I do feel like my friend can and should be more assertive in stopping the biting. I feel like maybe a timeout is warranted after each bite but it doesn't happen. Not that she doesn't believe in timeout b/c she told me she timed her dd out for over an hour the other day for not admitting to biting on something in the house. My friend was furious over her dd lying (her word) to her. I feel that the same "consequence" should happen after each biting incident.
The sad thing is, she takes offense if anyone talks "wrong" or criticizes her dd. Even though, again, she admits to her dd being Hannibel Lector for the biting. I feel this is minimizing the matter.
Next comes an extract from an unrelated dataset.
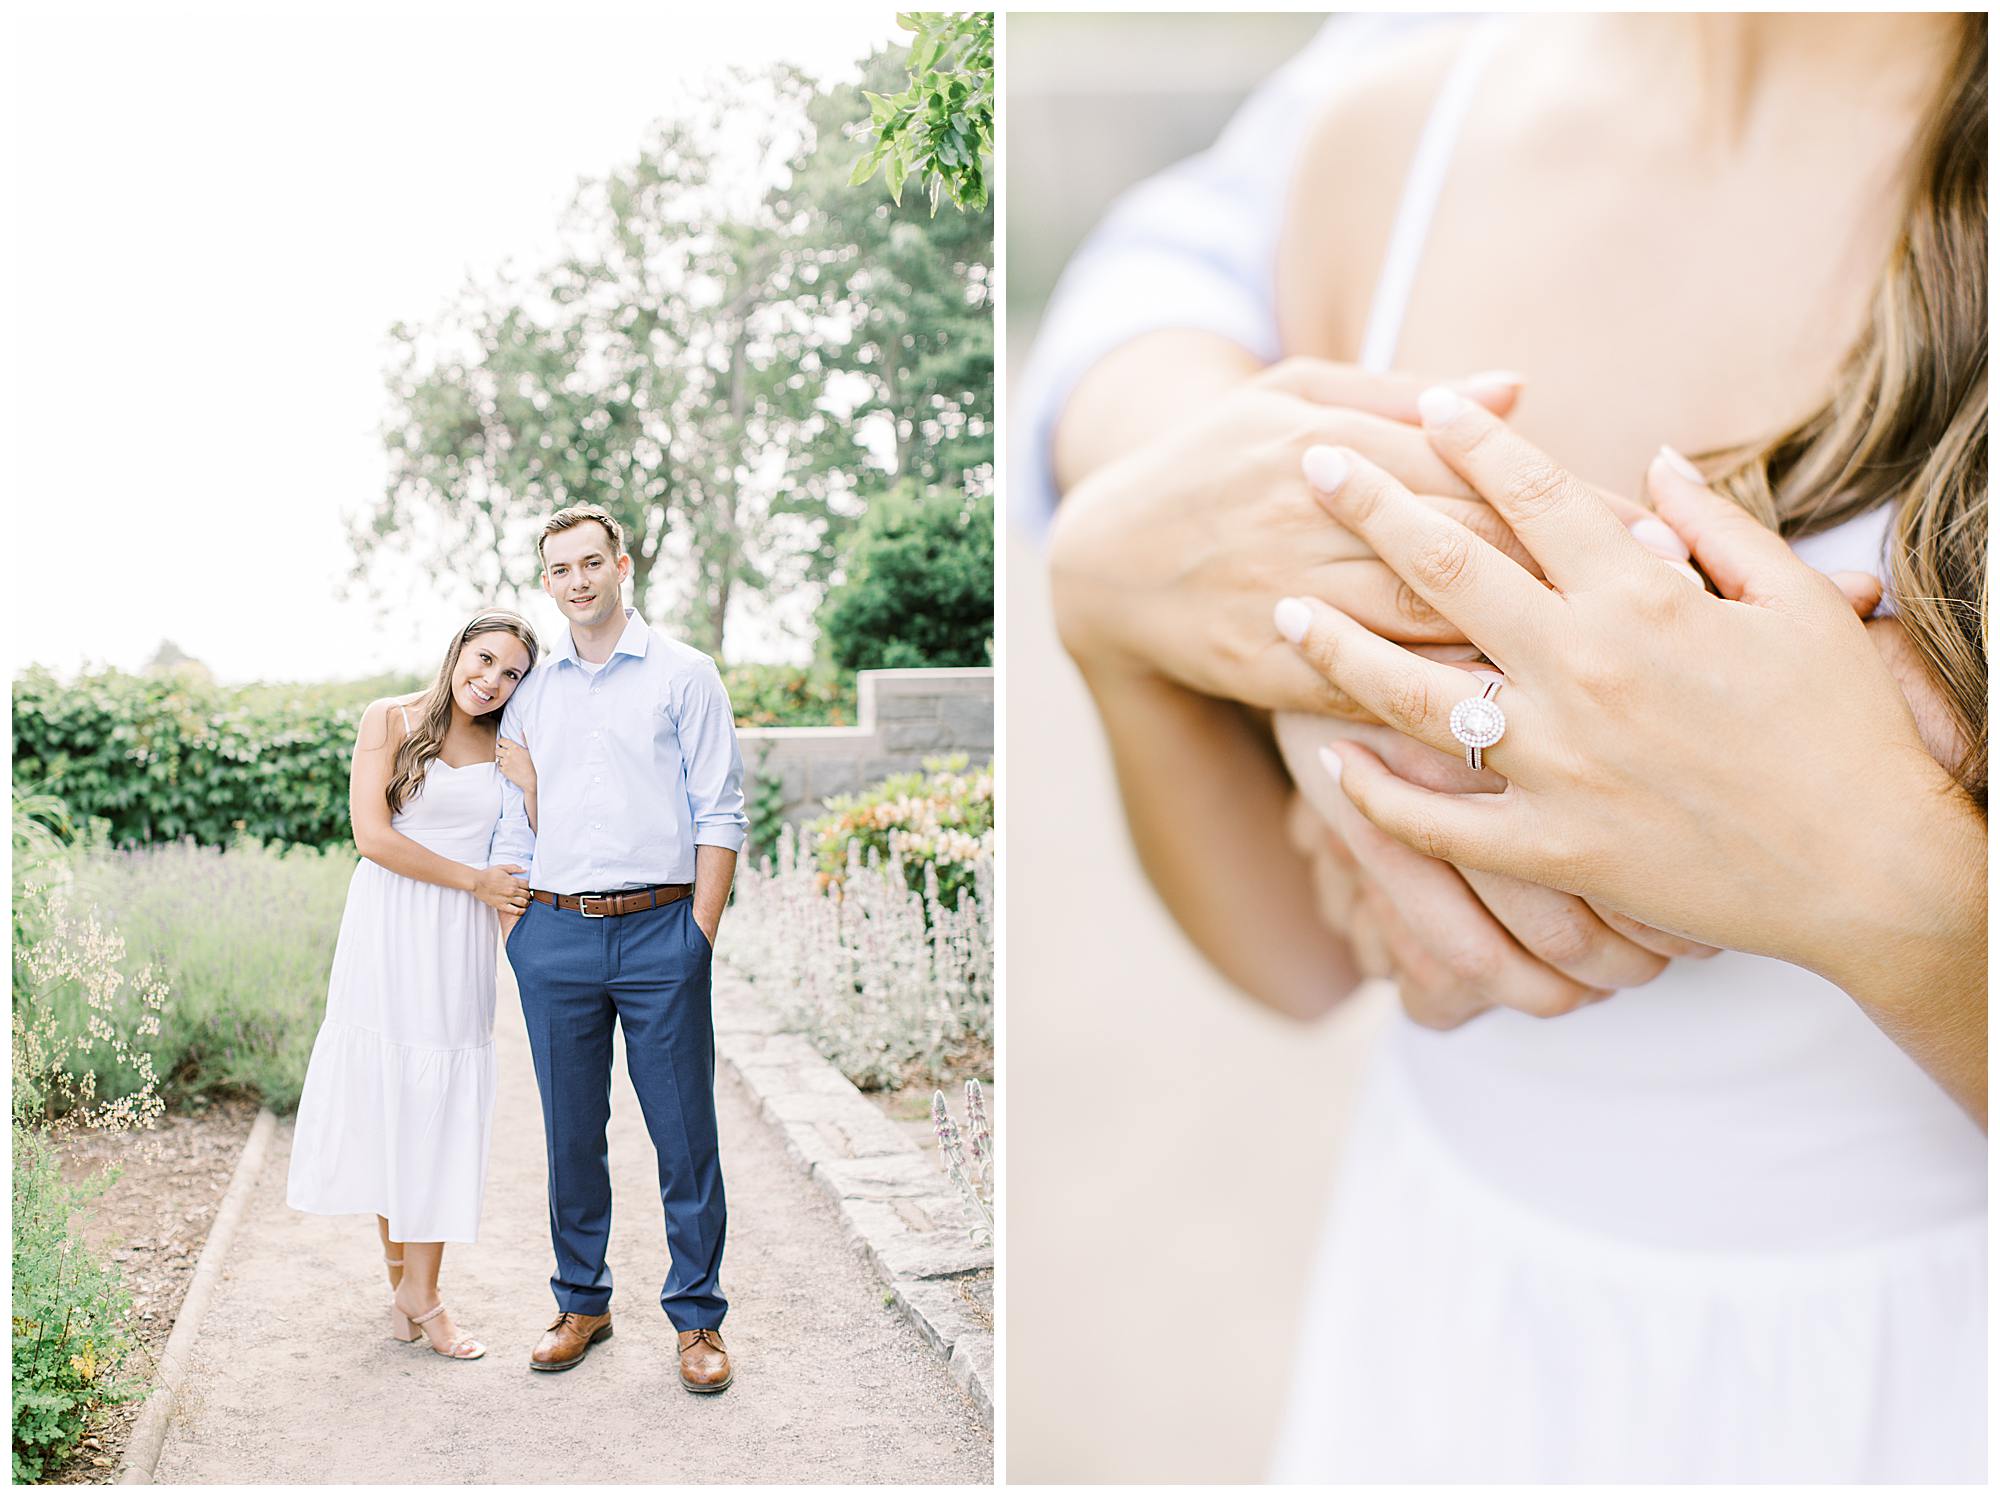 A Joy-Filled Engagement at Harkness Park

The only real workable option is that *I* hover over my ds when he's in my friend's dd's presence and stop her myself if it happens and tell my friend. Staying away from the playground (where we meet most of the time) is not an option. Since I feel so dang isolated already from being a parent of a sn child. I really need that connection to the park since I see other moms/kids there too.
post #7 of 9
I've been on both sides of it. It feels terrible having a child bite, and it feels terrible having a bitten child.
I remember feeling angry and worried about the child that bit my son, thinking about how much more damage would have been done had he not been wearing a sweatshirt to cushion the bite.
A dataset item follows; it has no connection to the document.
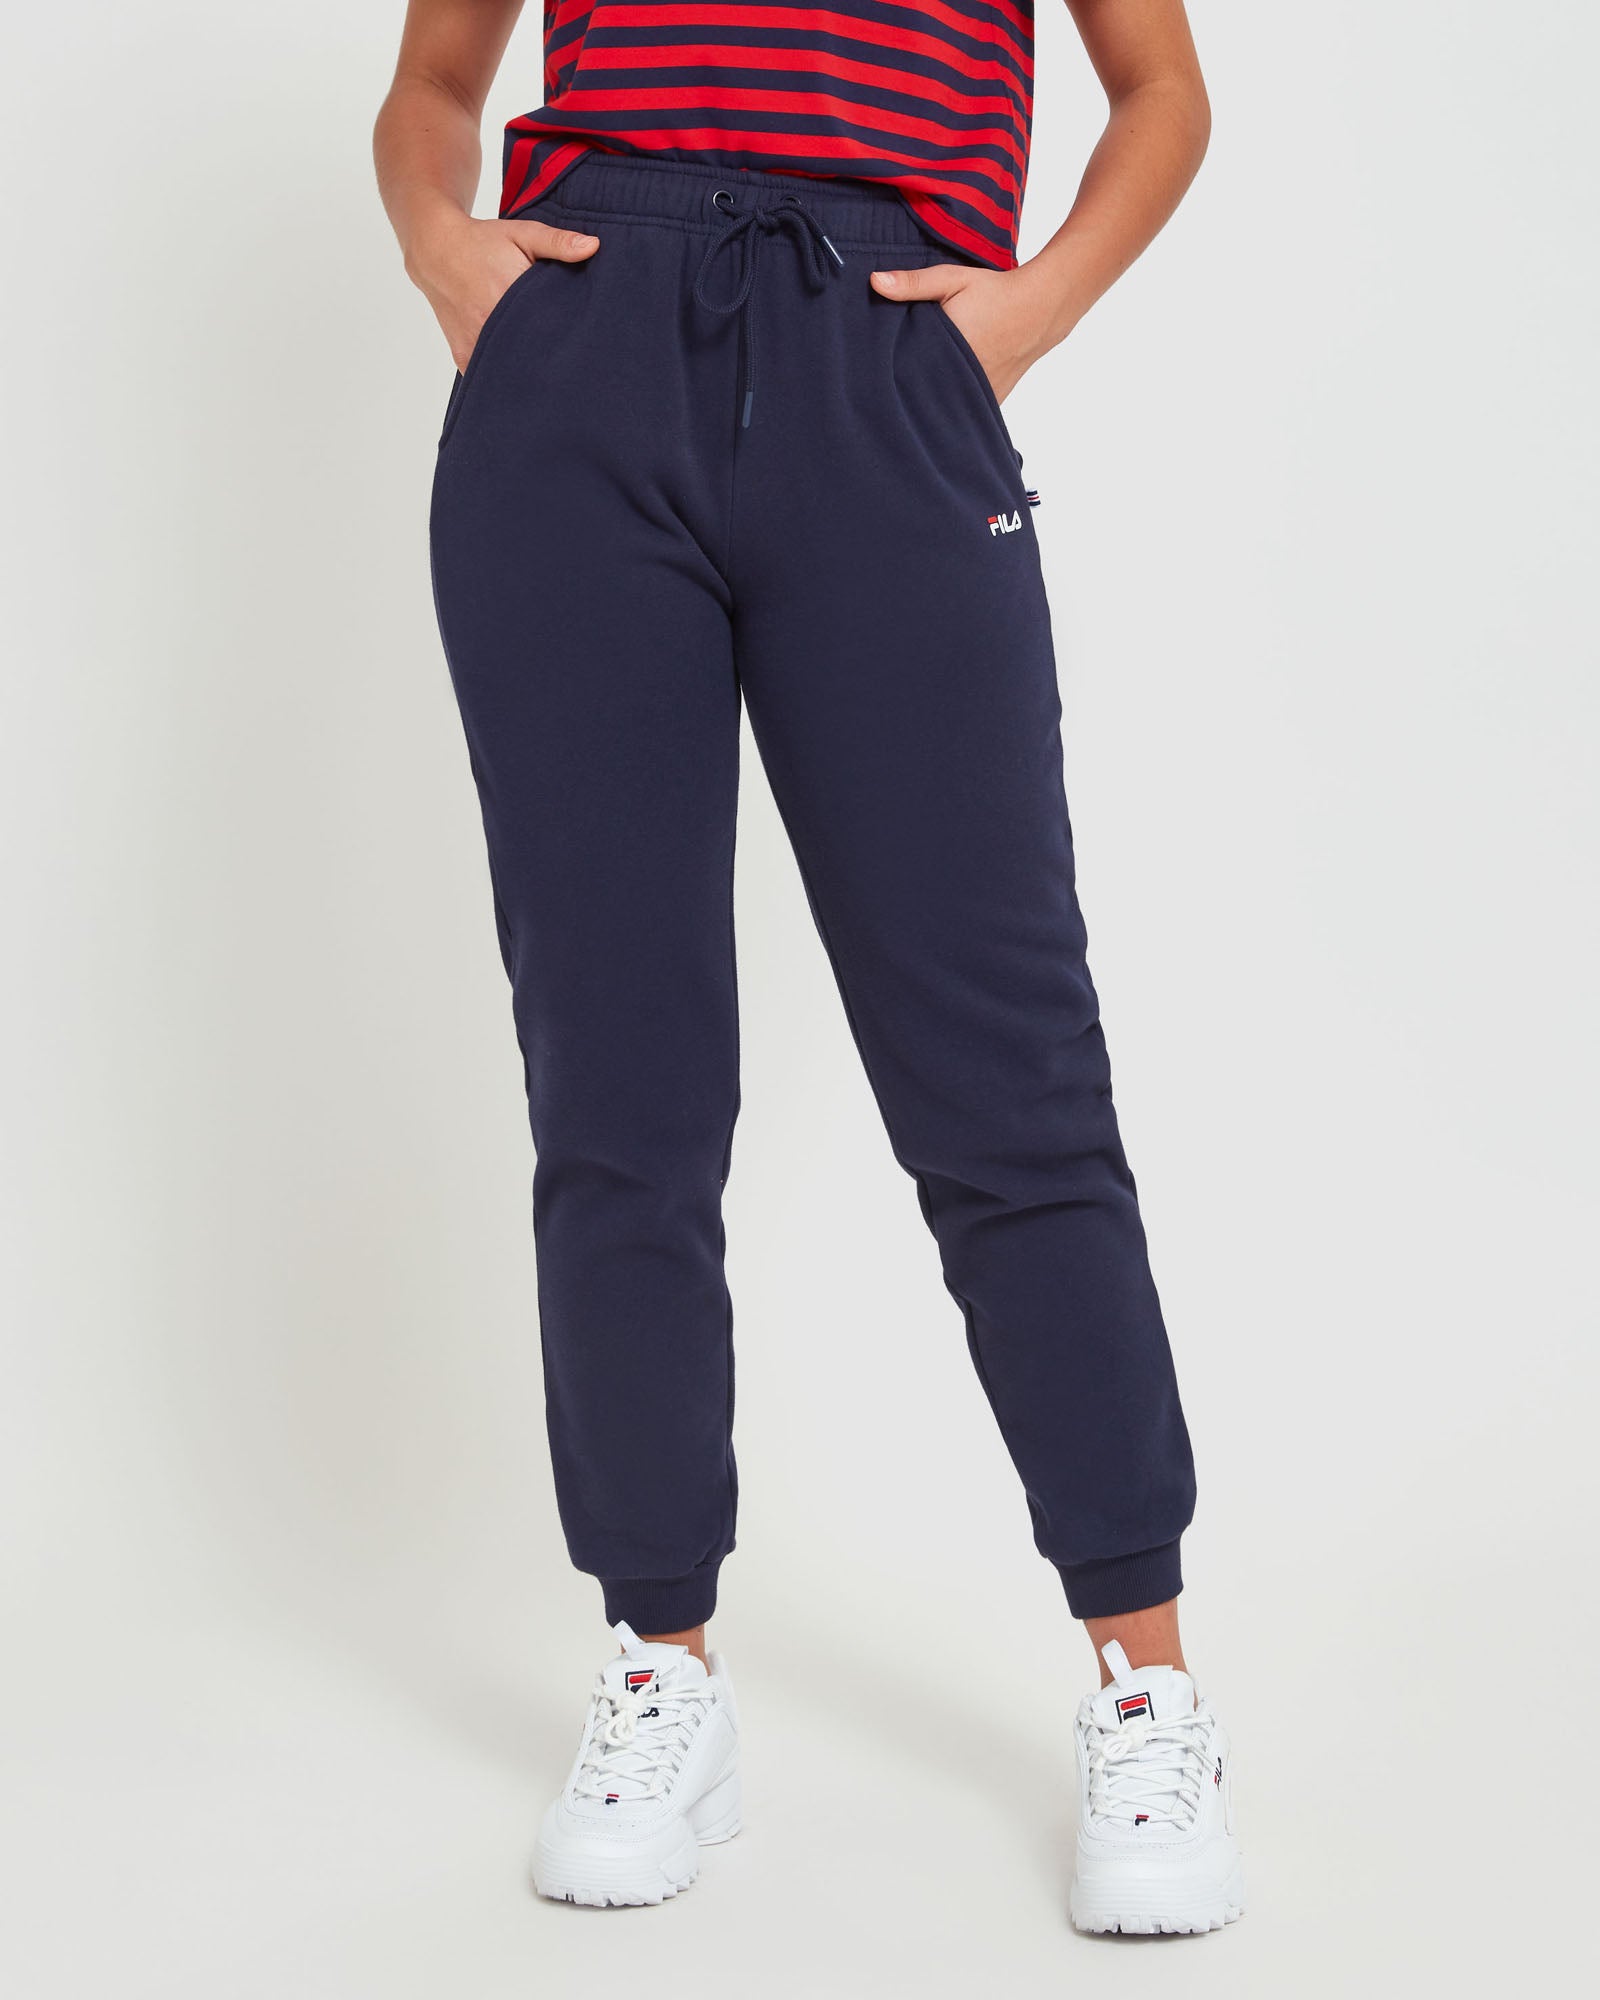 Best Selling Shopify Products on fila.com.au-2

At the age you're dealing with, about all you can offer is really close supervision. At some point it might become severe enough that you won't want to see your friend, just to protect your child.
post #8 of 9
Thread Starter 
I feel violated. Odd choice of word I know but it fits the way I feel.


Quote:
Originally Posted by Red Pajama View Post
...I remember feeling angry and worried about the child that bit my son, thinking about how much more damage would have been done had he not been wearing a sweatshirt to cushion the bite.
post #9 of 9
I'm all about letting the kids work things out and intervening as little as possible, but if a child is biting then the parent really needs to play a more preventative role. It sounds like your friend isn't really dealing with the problem. There are things she could do besides time out (which i believe do not work anyway), but doing nothing is not right. It's hard being the parent of a toddler... sometimes it totally sucks.

Anyway I don't know what you can do, besides maybe tell your friend that you are nervous about getting together with her while her daughter is biting and she doesn't seem to be able to stop it. Maybe she'll open up and you can brainstorm strategies for preventing this from happening and how to deal with it. She may be mortified, but she probably is already.